Some women with endometriosis have anti-phospholipid antibodies (APA) in their circulation. Also, approximately one-third of women who have endometriosis (regardless of severity) show evidence of increased Natural Killer Cell activity (NKa) in the peripheral blood and potentially in their endometrial linings. In such cases, there is a higher likelihood of early or later immunologic implantation failure.

In the case of early immunologic implantation failure, it is possible that rejection occurs at the time that the embryo attaches to the uterine wall. These patients may have been pregnant before, but in most instances, the pregnancies may have been undetected. In the case of the latter (late implantation failure), poor implantation may result in a miscarriage. It is not certain whether APA themselves cause implantation failure, although it’s plausible. They could be markers pointing to those women who are at increased risk of immunologic implantation failure.
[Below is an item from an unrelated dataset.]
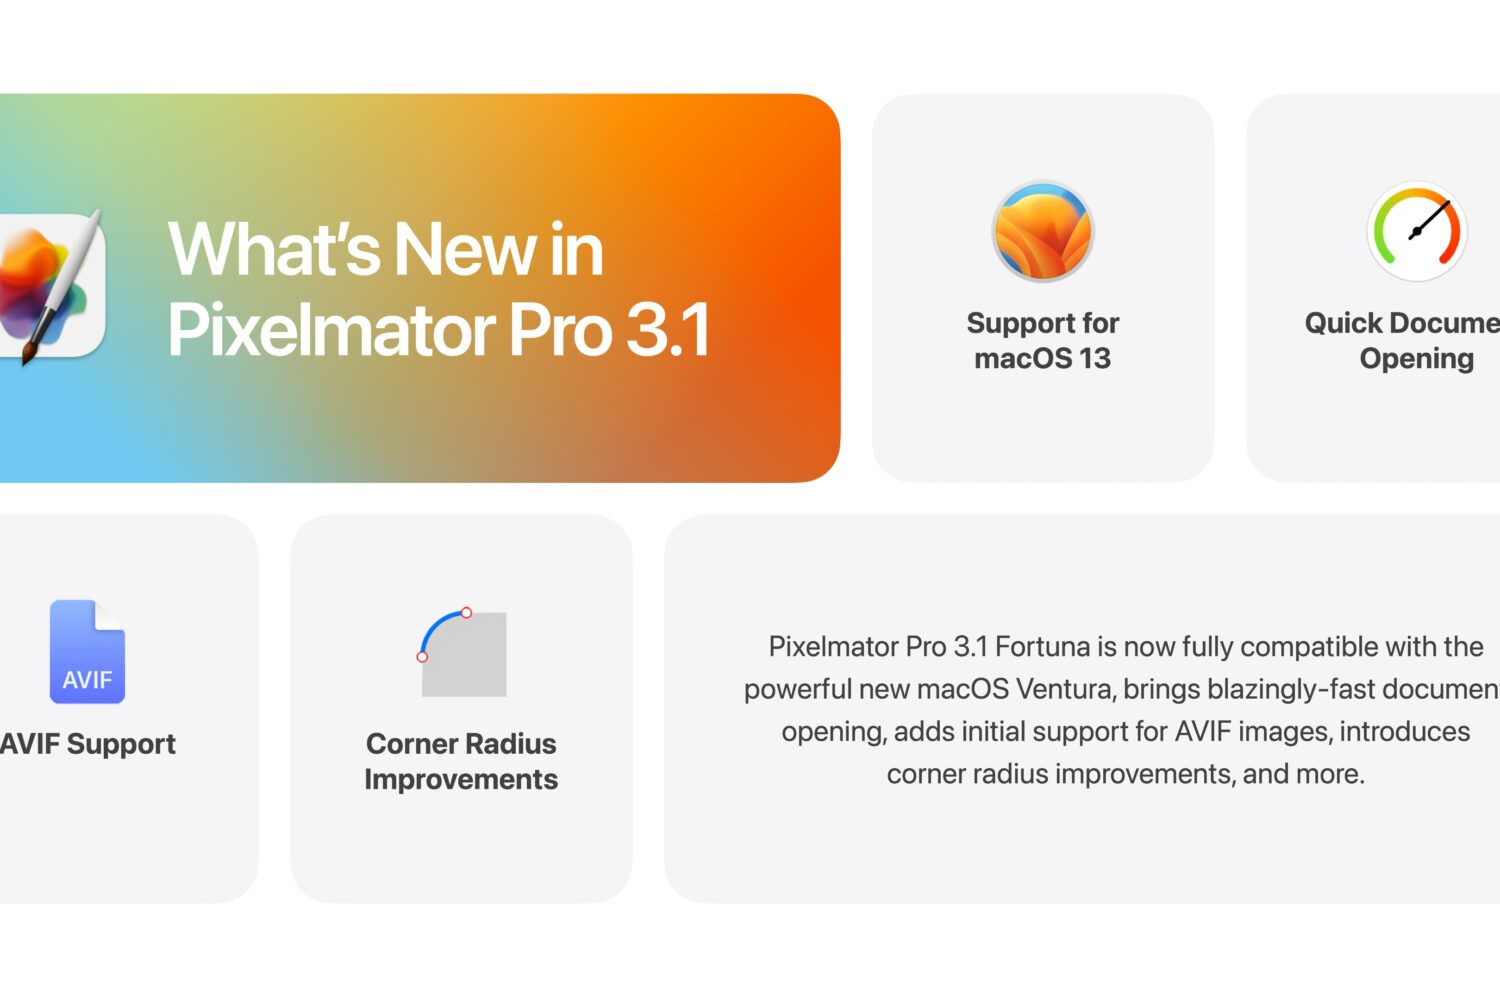 Infographic showcasing the key new features in Pixelmator Pro 3.1 for macOS

Additionally, early miscarriages may be due to chromosomally abnormal embryos, whereas late miscarriages (more than 7 weeks gestation) may be due to the presence of APA.

Treatment of antiphospholipid syndrome

Selective immunomodulation with steroids along with heparin and aspirin and/or Intravenous Immunoglobulin G (IVIG) or Intralipid may effectively counter immunologic implantation failure and may lead to successful pregnancies in women who have APA and/or increased NK cell cytotoxicity.

Oral steroid treatment along with aspirin and heparin use may be helpful in women with antiphospholipid syndrome and decrease the risk of having a miscarriage.

Emphasis has been on the uterine lining without paying too much attention to the most important and determining variable in pregnancy outcome, which is the chromosomal makeup of the embryo.

Based on the most recent genetic test available for chromosome testing of embryos called CGH, pregnancy rates are significantly increased and the risk of miscarriage is significantly decreased when CGH-normal (chromosomally normal) embryos are transferred into the uterus.

Altered Peritoneal Environment

Women with endometriosis may have an inflammatory reaction in the pelvis that may result in the release of toxic substances and activation of specific white cells.

These toxins may reduce the natural fertilization potential of the sperm as well as the egg.

In vitro fertilization (IVF) treatment involves aspirating the eggs before they are released from the ovary during the process of ovulation and prevents exposure to endometriosis-related toxins. It is possible that once the eggs are released into the pelvis they are exposed to various toxins and inflammatory cells and this may be the case for sperm as well.